The hierarchy of approaches to tobacco control

Tobacco represents the single most preventable cause of disease and death in the world today. Of 260 million male deaths in the developed world between 1950 and 2000, it is estimated that 50 million will be due to smoking. In the oral and craniofacial region tobacco use has been associated with the occurrence of cleft palate, periodontal disease and tooth loss, and a variety of soft tissue lesions including oral cancer.

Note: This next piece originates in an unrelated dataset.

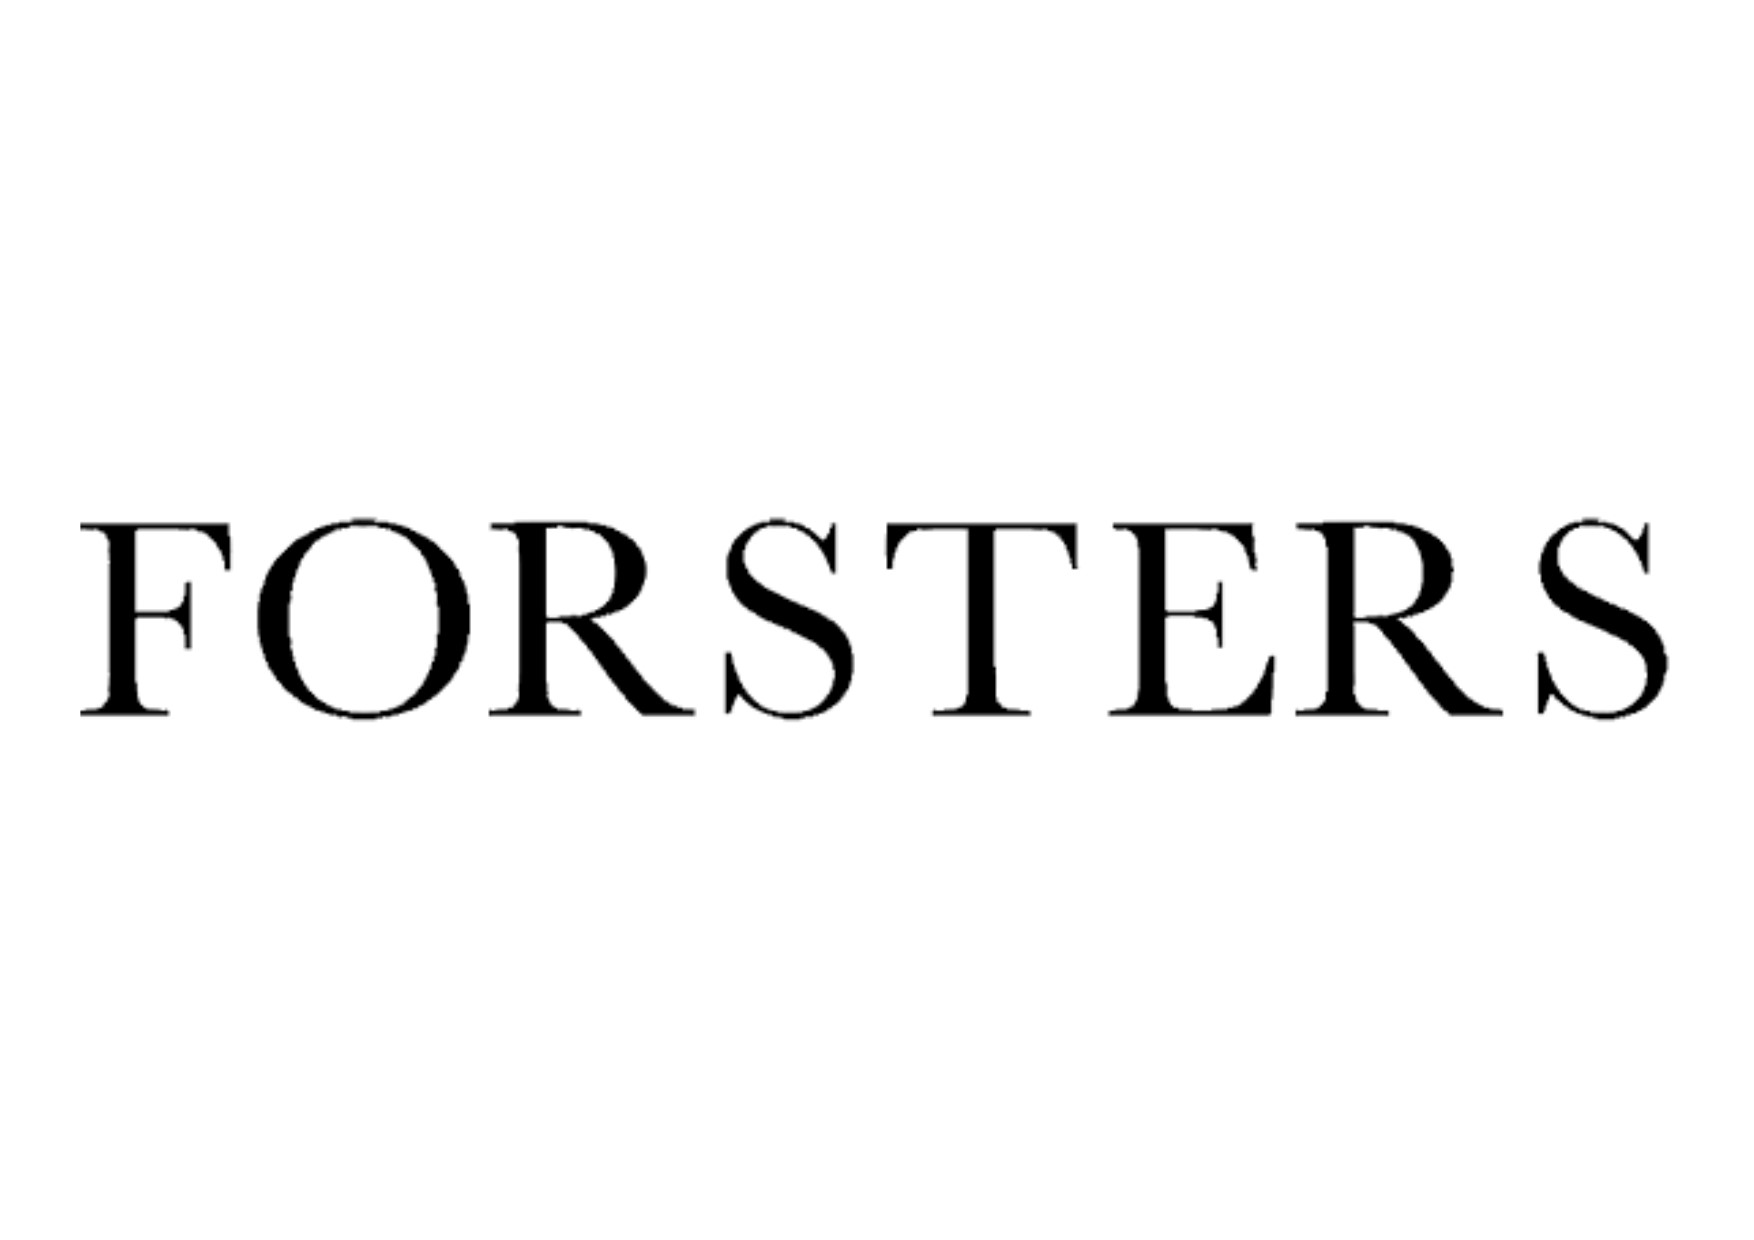 Forsters Appoints Former Harbottle Amp Lewis Interim It
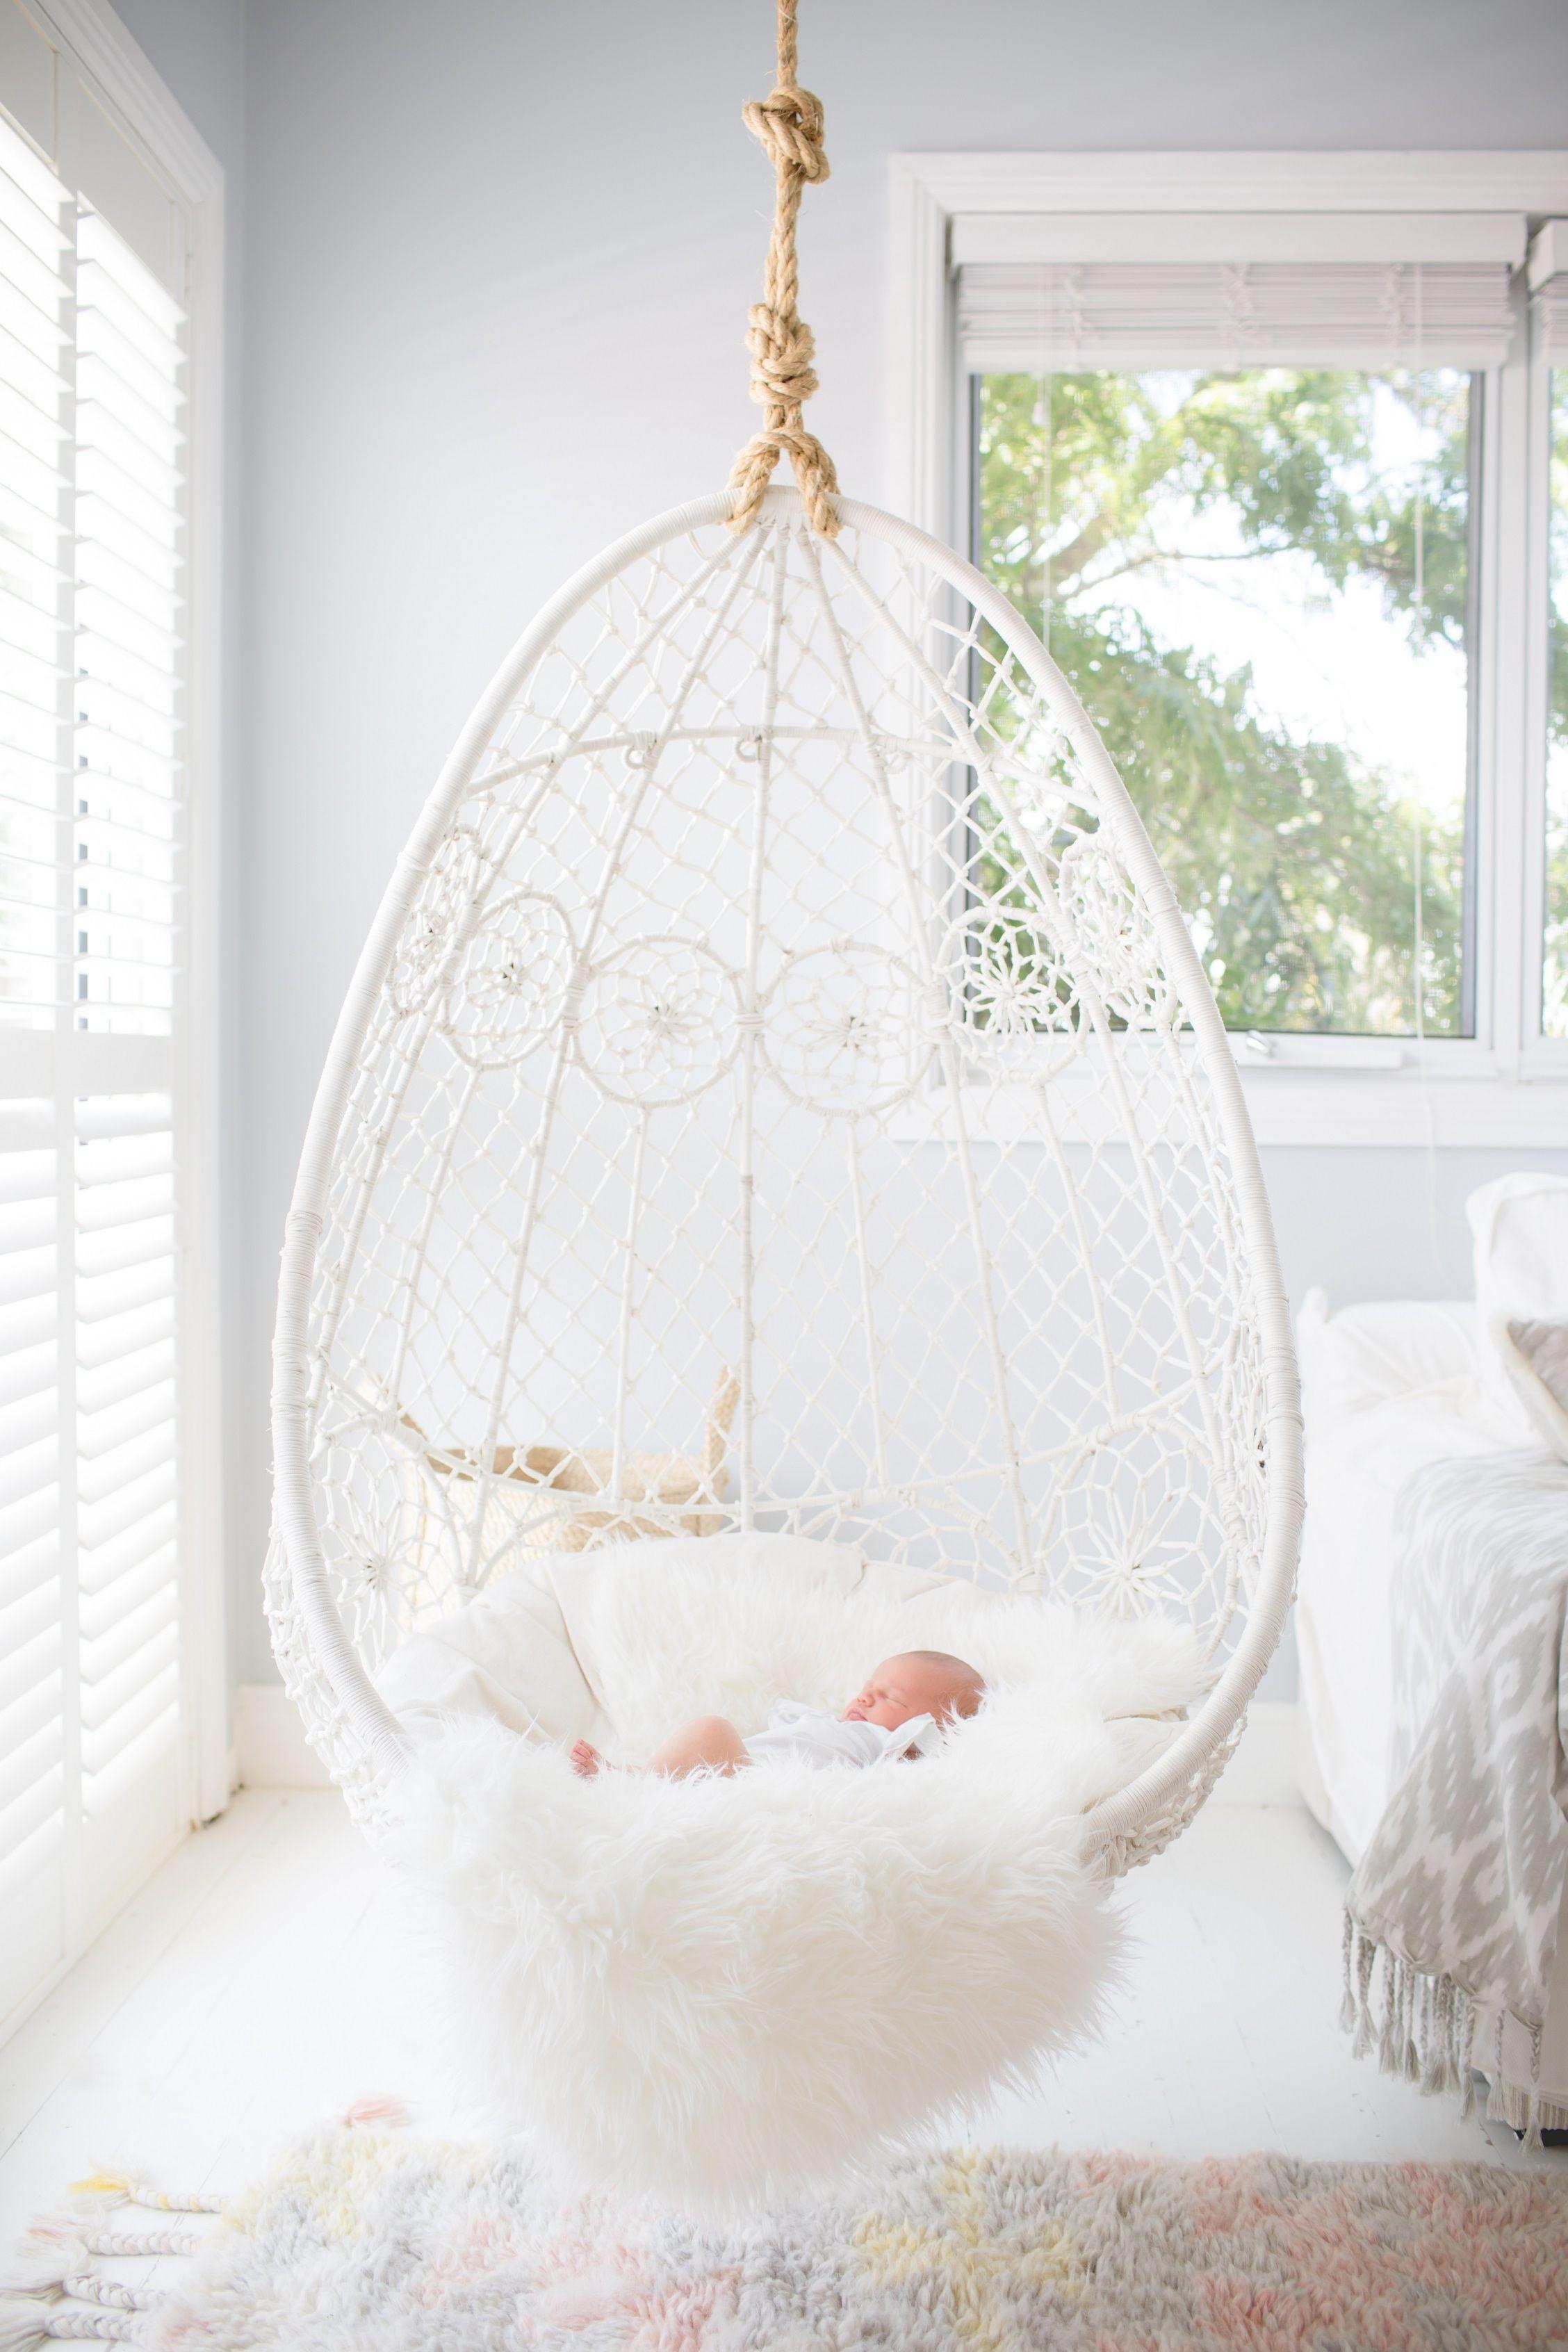 Macrame Swing Chair Best Of Bedroom Cool Hanging Swing

For example, smoking is estimated to account for 92% of cancers of the lip, oral cavity and pharynx. Few studies have examined relative efficiency of the many different approaches to tobacco control but, in general, legislative approaches such as increasing tobacco taxes and prohibiting advertising are most effective and those based on printed educational materials and cessation groups, the least effective. In all cases, advice or intervention by health care professionals ranked among the most effective non-legislative approaches to control. A very wide range of professionally-based interventions have been described, including pharmacologic interventions, behavioral approaches and group counseling. The dental profession has a unique opportunity to influence tobacco use by their patients. Its use is almost always immediately evident to the dentist or dental assistant in terms of odor, staining, poor oral hygiene or obvious oral disease. There is also a tendency for the length of personal contact with the dentist to be greater than with a physician. Guidelines are now available that provide the dental professional with advice on the best approaches to tobacco control with their patients.